夕刊:2017/05/15

NYダウの続落と円高進行を嫌気、日経平均は利益確定売りで小幅続落

為替
前週末に発表された米経済指標が予想を下回り、利上げ観測の後退から長期債利回りが低下したことを受け、12日のNY為替市場でドル安が進んだ流れで、15日午前の東京為替市場のドル円相場はNY市場とほぼ同水準の1ドル=113円20銭台半ばで取引が始まった。日中取引では5,10日(ゴトウビ)の国内輸入企業からの円売りドル買い注文が下支えとなって円が伸び悩み、ドル円は113円40銭台までじり高となった。その後は14日早朝の北朝鮮のミサイル発射で地政学リスクを意識し、ドルの上値が抑えられドル円は113円40銭近辺でもみ合いとなった。15時15分現在、1ドル=113円50銭。
株式(日経平均)
前週末のNY株式市場で、弱い経済指標の発表を受け米景気回復の減速懸念が意識されドル安が進み、FBI長官の解任でトランプ政権の政治不信の高まりに対する警戒からNYダウが4日続落したのに加え、北朝鮮のミサイル発射で地政学リスクの高まりが嫌気され15日の東京株式市場は、利食い売りが優勢となり日経平均株価は前日比130円44銭安の19753円46銭と大幅続落して始まった。ザラ場に入ってからは円の伸び悩みでドル円が戻り歩調となったことから、不動産、建設など内需関連株や好業績銘柄を買う動きが強まり日経平均は下げ幅を縮小させた。日経平均株価は前日比41円75銭安の19842円15銭で前場の取引を終えた。後場は日銀によるETF買い付けの思惑から買い先行となり前場の高値を上回ったものの戻りも鈍くその後は小幅安で小動きとなった。大引けの日経平均株価は前日比14円05銭安の19869円85銭。
貴金属
金先限帳入値は4479円(前日比+5円)。銀先限帳入値は60.4円(前日比+0.2円)。プラチナ先限帳入値は3390円(前日比変わらず)パラジウム先限帳入値は2920円(前日比+11円)東京金は円高進行が嫌気され売り優勢で始まった。その後、円高一服とNY夜間取引が堅調な動きとなったことから押し目買いを誘い、下げ幅が縮小傾向となり取引終了間際にプラスに転じた。北朝鮮のミサイル発射も下支え要因となった。プラチナは円高が売り圧迫要因となり弱含みとなっていたが円高一服を受け、買い戻しで下げ幅を縮小させ前日比変わらずとなった。
石油
原油先限帳入値は36190円(前日比+260円)。ガソリン先限帳入値は48960円(前日比+180円)。灯油先限帳入値は49050円(前日比+210円)。)円高が重石となり東京原油は反落して始まった。その後、サウジアラビアとロシアが18年3月までの減産延長に合意したとのニュースでNY原油夜間取引が大幅高となったことを受け、反発に転じた。
ゴム
ゴム先限帳入値は219.4円(前日比+4.9円)。夜間取引は前日終値付近での揉み合いに終止した。日中立会は上海夜間市場の堅調を映し続伸して始まり、上海日中立会が更に続伸した事から一時220円を付けたが、戻り一杯となり反落したものの、217円半ばで下げ渋った事から押し目買い優勢となって、前日比5円高近辺での揉み合いとなり堅調に推移した。
とうもろこし・大豆
コーン先限帳入値は22630円(前日比-10円)。
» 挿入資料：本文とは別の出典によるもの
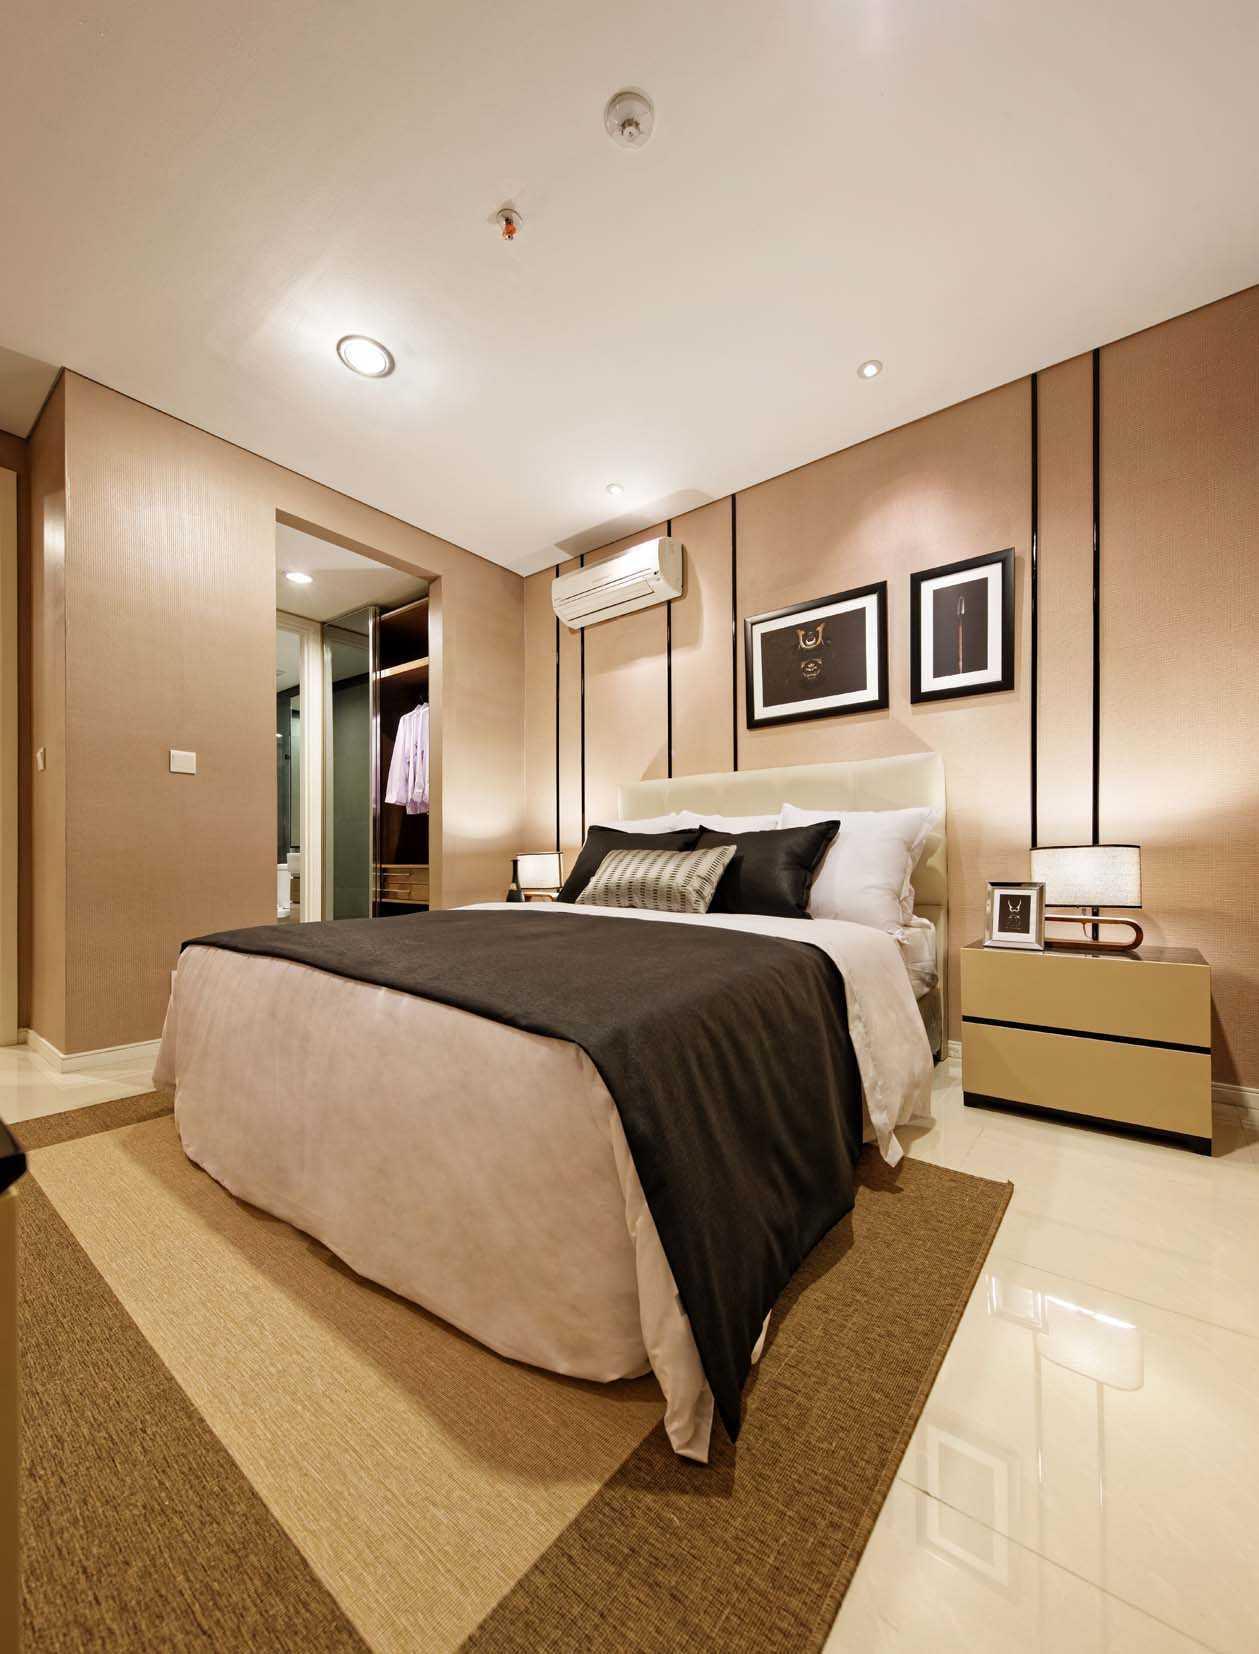 Teddykoo  3 Bedroom Loft Show Unit Paddington Height Apartment Alam Sutera  Alam Sutera  Bedroom   9637
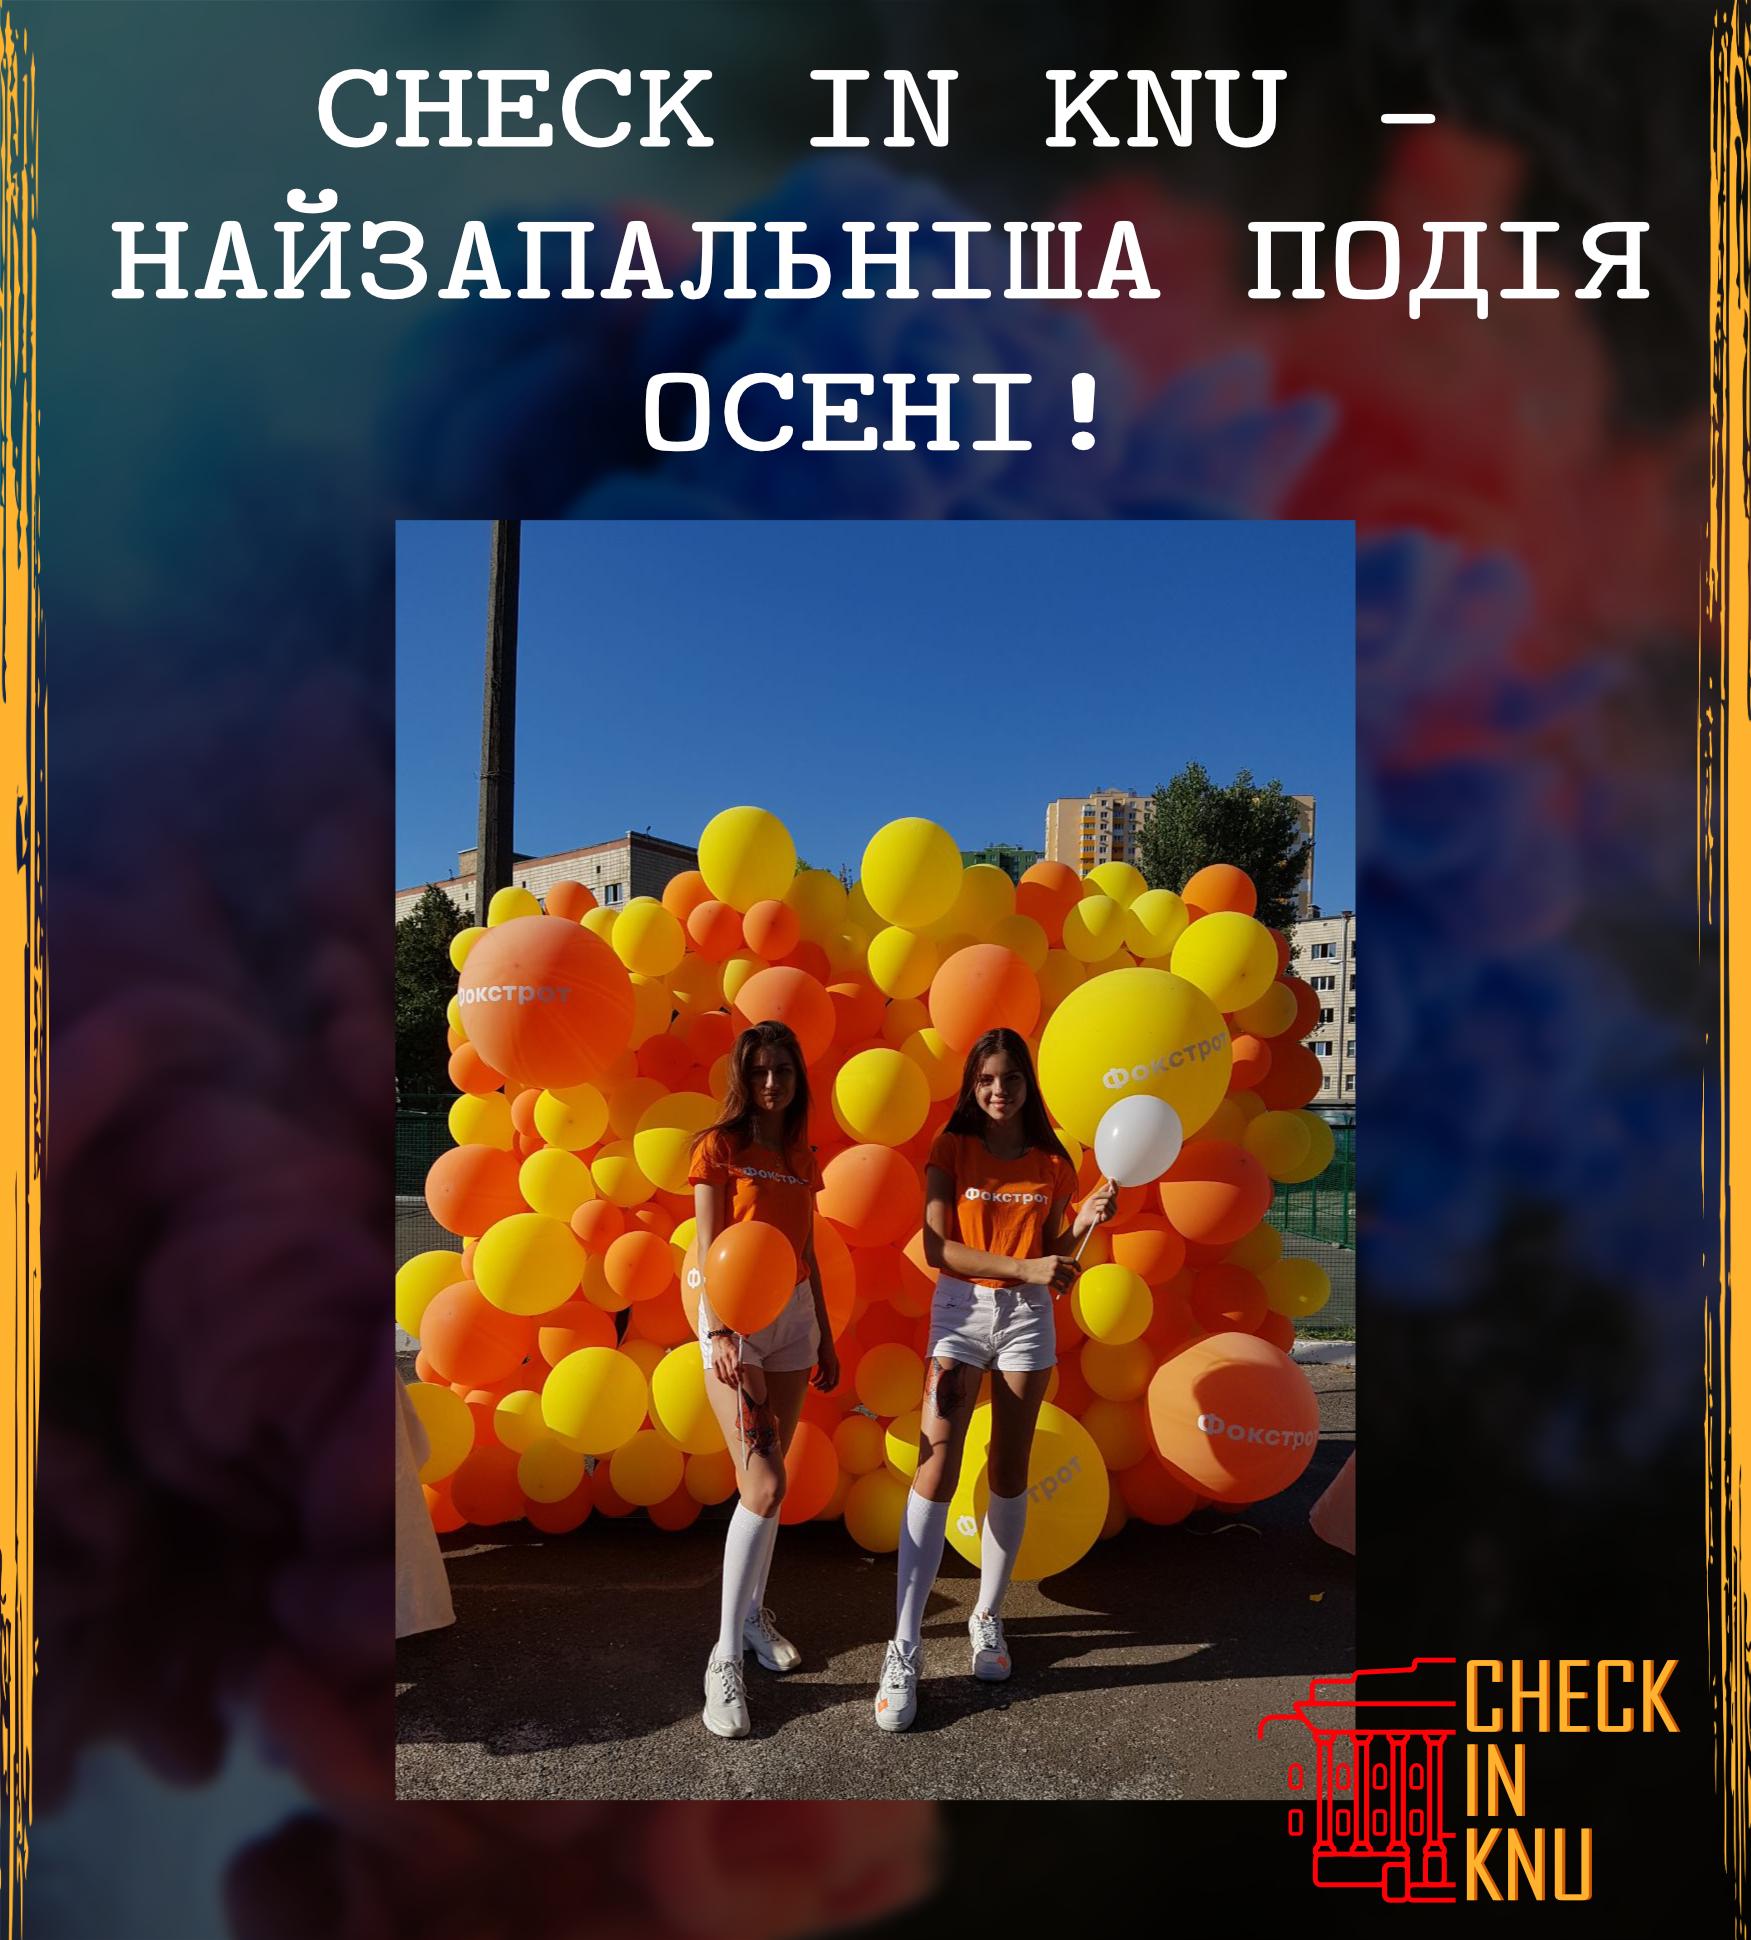 Check in KNU – найзапальніша подія осені!

大豆先限帳入値は47870円(前日比+70円)。コーンはシカゴ夜間取引の軟調と円高が嫌気され売り先行となり続落して始まった。売り一巡後は円高一服で押し目買いが入り、下げ幅を縮小させた。大豆は低調な出来高で玉次第の中、小口の買いで続伸した。
今日のニュース
今晩の主な経済指標予定
米5月NY連銀製造業景気指数
米5月NBHB住宅市場指数

掲載内容は情報提供を目的としております。情報につきましては細心の注意を払っておりますが、正確さを保証するものではありません。また、取引における判断はお客様ご自身で行って下さい。